The Secret of the Unicorn was serialized amidst the German occupation of Belgium during World War II. Hergé had accepted a position working for Le Soir, Belgium's largest Francophone daily newspaper. Confiscated from its original owners, the German authorities permitted Le Soir to reopen under the directorship of Belgian editor Raymond de Becker, although it remained firmly under Nazi control, supporting the German war effort and espousing anti-Semitism. After joining Le Soir on 15 October 1940, Hergé became editor of its new children's supplement Le Soir Jeunesse, with assistance by old friend Paul Jamin and cartoonist Jacques Van Melkebeke, before paper shortages forced The Adventures of Tintin to be serialised daily in the main pages of Le Soir. Some Belgians were upset that Hergé was willing to work for a newspaper controlled by the occupying Nazi administration, although he was heavily enticed by the size of Le Soirs readership, which reached 600,000. Faced with the reality of Nazi oversight, Hergé abandoned the overt political themes that had pervaded much of his earlier work, instead adopting a policy of neutrality. Without the need to satirise political types, entertainment producer and author Harry Thompson observed that "Hergé was now concentrating more on plot and on developing a new style of character comedy. The public reacted positively".

The Secret of the Unicorn was the first of The Adventures of Tintin which Hergé had collaborated on with Van Melkebeke to a significant degree; biographer Benoît Peeters suggested that Van Melkebeke should rightly be considered the story's "co-scriptwriter". It was Hergé's discussions with Van Melkebeke that led him to craft a more complex story than he had in prior Adventures. Van Melkebeke had been strongly influenced by the adventure novels of writers like Jules Verne and Paul d'Ivoi, and this influence is apparent throughout the story. The inclusion of three hidden scrolls has parallels with Verne's 1867 story, The Children of Captain Grant, which Van Melkebeke had recommended to Hergé. Hergé acknowledged Van Melkebeke's contribution by including a cameo of him within the market scene at the start of the story; this was particularly apt as Van Melkebeke had purchased his books in Brussels' Old Market as a child.

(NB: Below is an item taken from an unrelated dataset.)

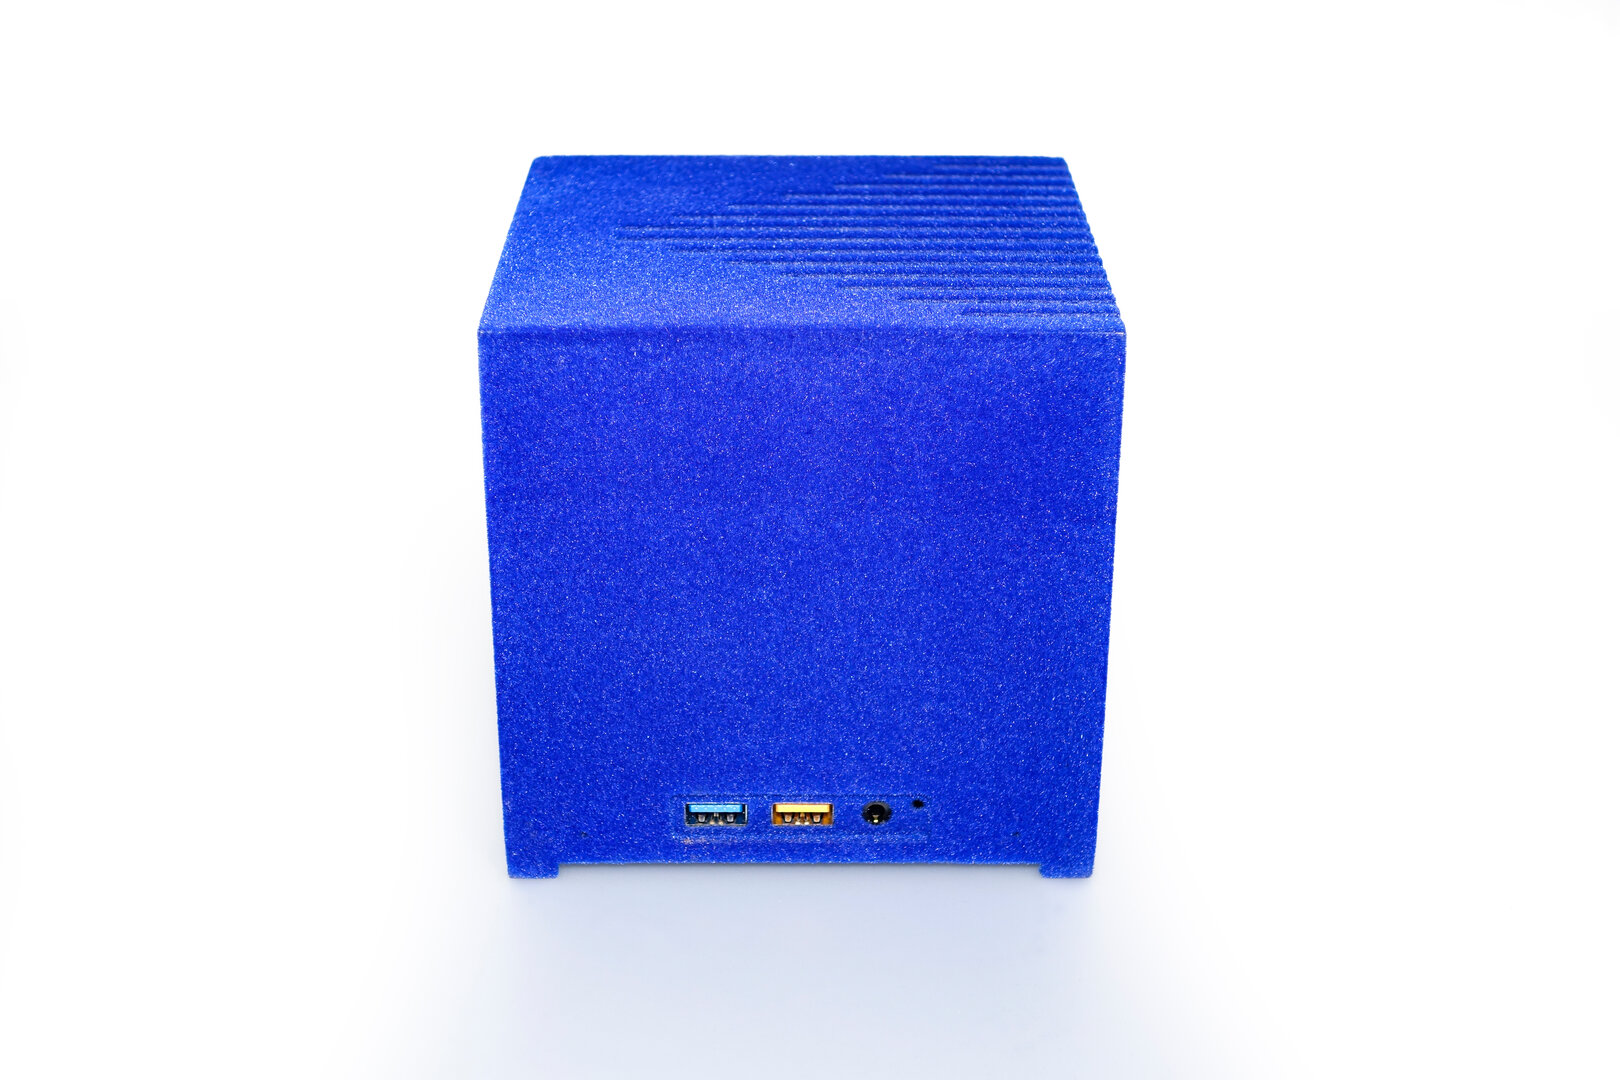 Bleujour Kubb Passiv Edition

The Secret of the Unicorn was the first half of a two-part story arc that was concluded in the following adventure, Red Rackham's Treasure. This arc was the first that Hergé had utilised since Cigars of the Pharaoh and The Blue Lotus (1934–36). However, as Tintin expert Michael Farr related, whereas Cigars of the Pharaoh and The Blue Lotus had been largely "self-sufficient and self-contained", the connection between The Secret of the Unicorn and Red Rackham's Treasure is far closer.

Hergé's illustration of Sir Francis Haddock fighting Red Rackham's pirates

In previous works, Hergé had drawn upon a variety of pictorial sources, such as newspaper clippings, from which to draw the scenes and characters; for The Secret of the Unicorn he drew upon an unprecedented variety of these sources. In drawing many of the old vessels, Hergé initially consulted the then recently published L'Art et la Mer ("Art and the Sea") by Alexandre Berqueman. Seeking further accurate depictions of old naval vessels, Hergé consulted his friend Gérard Liger-Belair, who owned a Brussels shop specialising in model ships. Liger-Belair produced plans of a 17th-century French fifty-gun warship for Hergé to copy; Le Brillant, which had been constructed in Le Havre in 1690 by the shipwright Salicon and then decorated by Jean Bérain the Elder.

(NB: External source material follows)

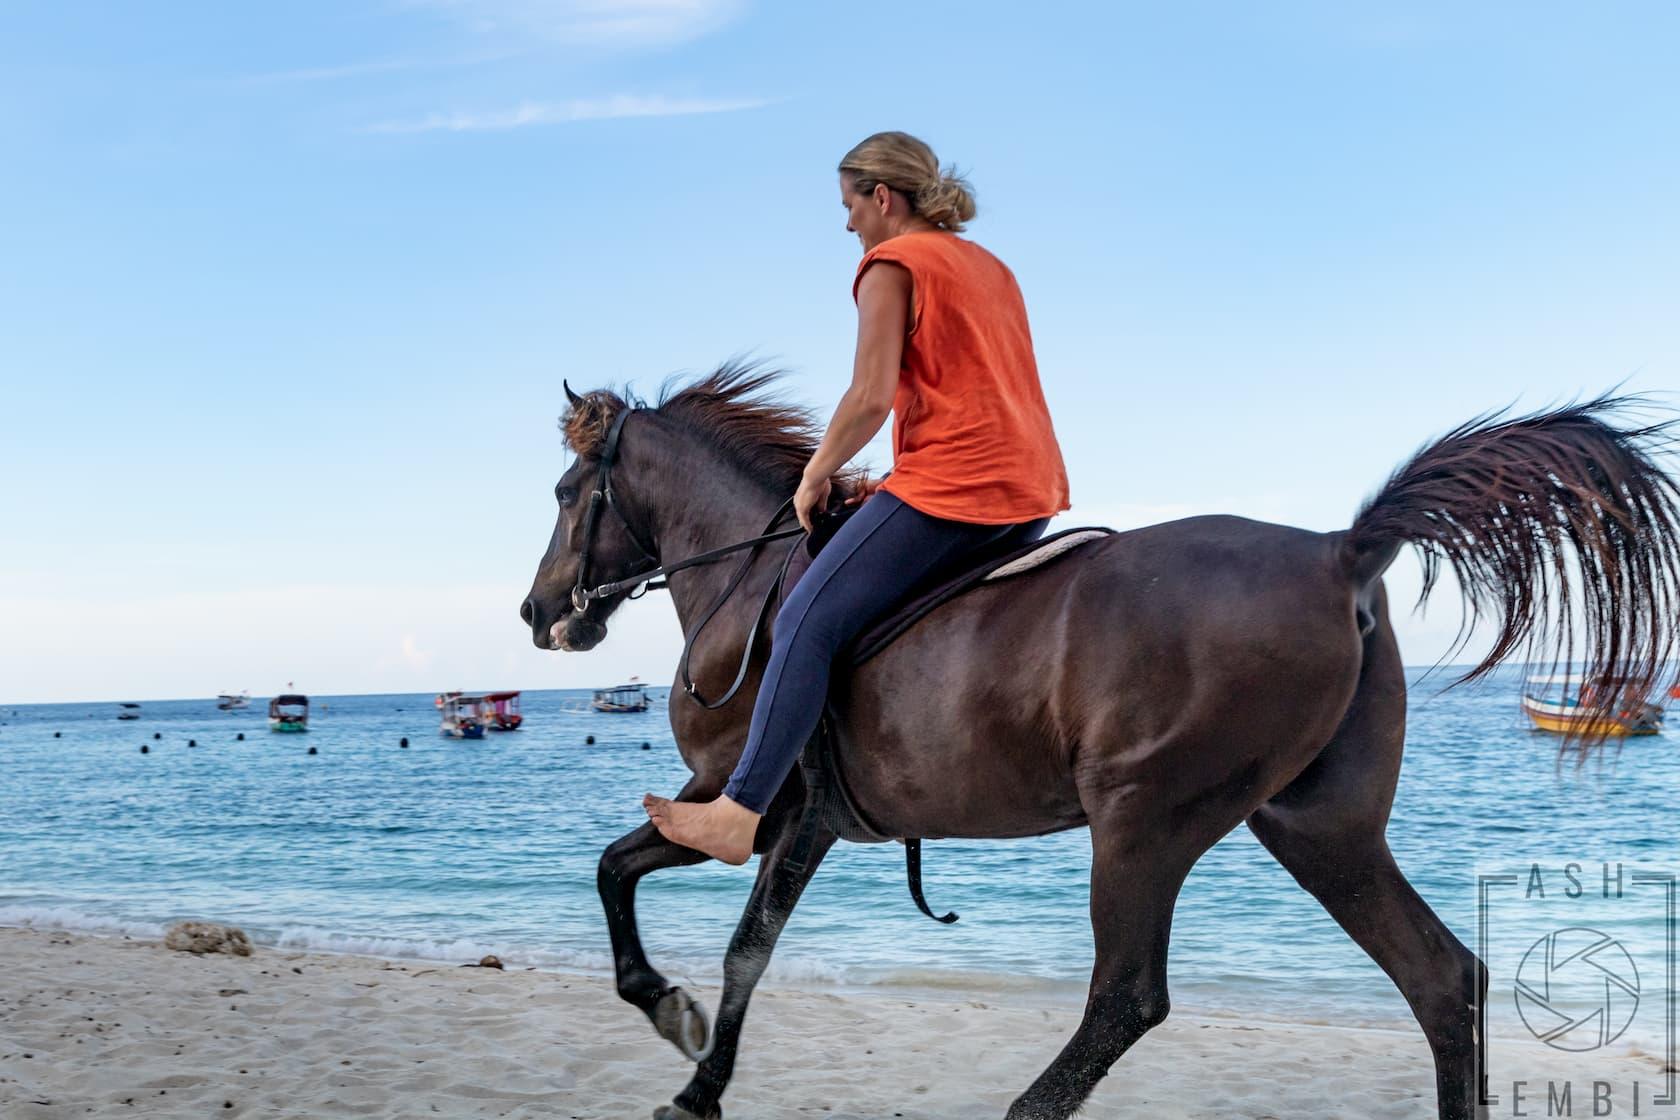 Horse riding in Gili Trawangan

He also studied other vessels from the period, such as the Le Soleil Royal, La Couronne, La Royale and Le Reale de France, to better understand 17th-century ship design. It was from the Le Reale de France that he gained a basis for his design of the Unicorns jolly boat. No ship named the Unicorn was listed in the annals of the French Navy, but Hergé instead took the name from a British frigate which had been active in the mid-18th century; the fictional ship's unicorn figurehead was also adopted from the frigate.

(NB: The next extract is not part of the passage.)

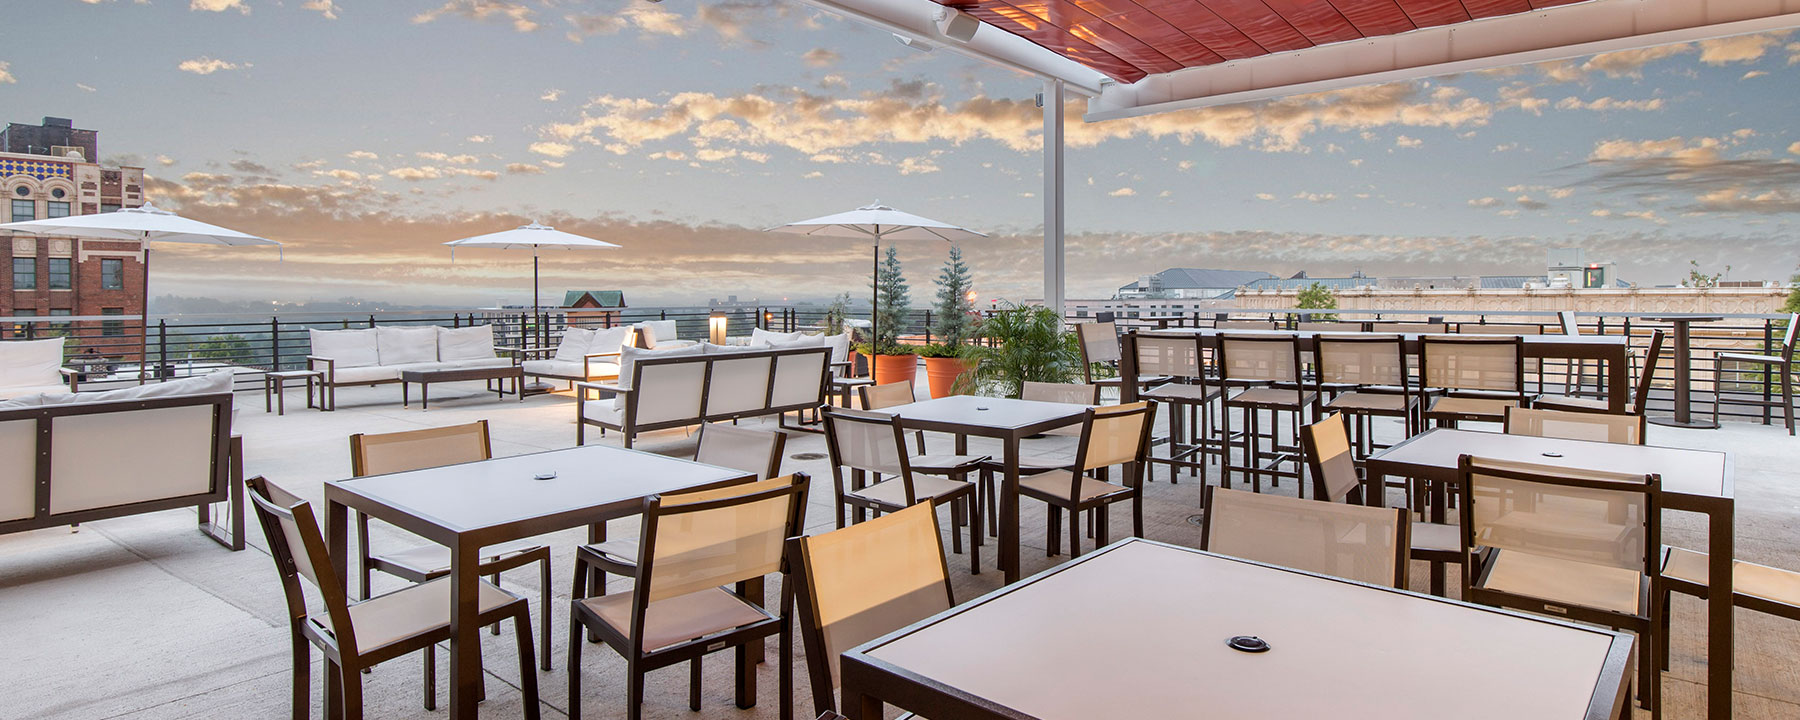 Restaurants by FIRC Group Asheville

The character of Red Rackham was partly inspired by John Rackham, a pirate who appeared in a story alongside female pirates Anne Bonny and Mary Read that Hergé encountered in a November 1938 edition of Dimanche-Illustré. Red Rackham's looks and costumes were also inspired by the character Lerouge, who appears in C. S. Forester's novel, The Captain from Connecticut, and by the 17th-century French buccaneer Daniel Montbars. The name of Marlinspike Hall—Moulinsart in French—was based upon the name of the real Belgian town, Sart-Moulin. The actual design of the building was based upon the Château de Cheverny, albeit with the two outer wings removed. In introducing Sir Francis Haddock to the story, Hergé made Captain Haddock the only character in the series (except Jolyon Wagg, introduced later) to have a family and an ancestry. The story included hints that Francis Haddock is the illegitimate son of the French Sun King, Louis XIV, possibly as a reference to Hergé's belief that his father was the illegitimate son of the Belgian king Leopold II. The Secret of the Unicorn was set entirely in Belgium and was the last Adventure to be set there until The Castafiore Emerald. It would also be Hergé's favourite story until Tintin in Tibet. The final two pages of the adventure mark the first appearance of Tintin's iconic costume of a white shirt under a blue sweater; having worn a variety of outfits in previous volumes, notably a brown suit and a yellow shirt with a red tie, he would don this attire in all subsequent books. In the final panel, Tintin breaks the fourth wall. It is the only instance of this effect in the entire series.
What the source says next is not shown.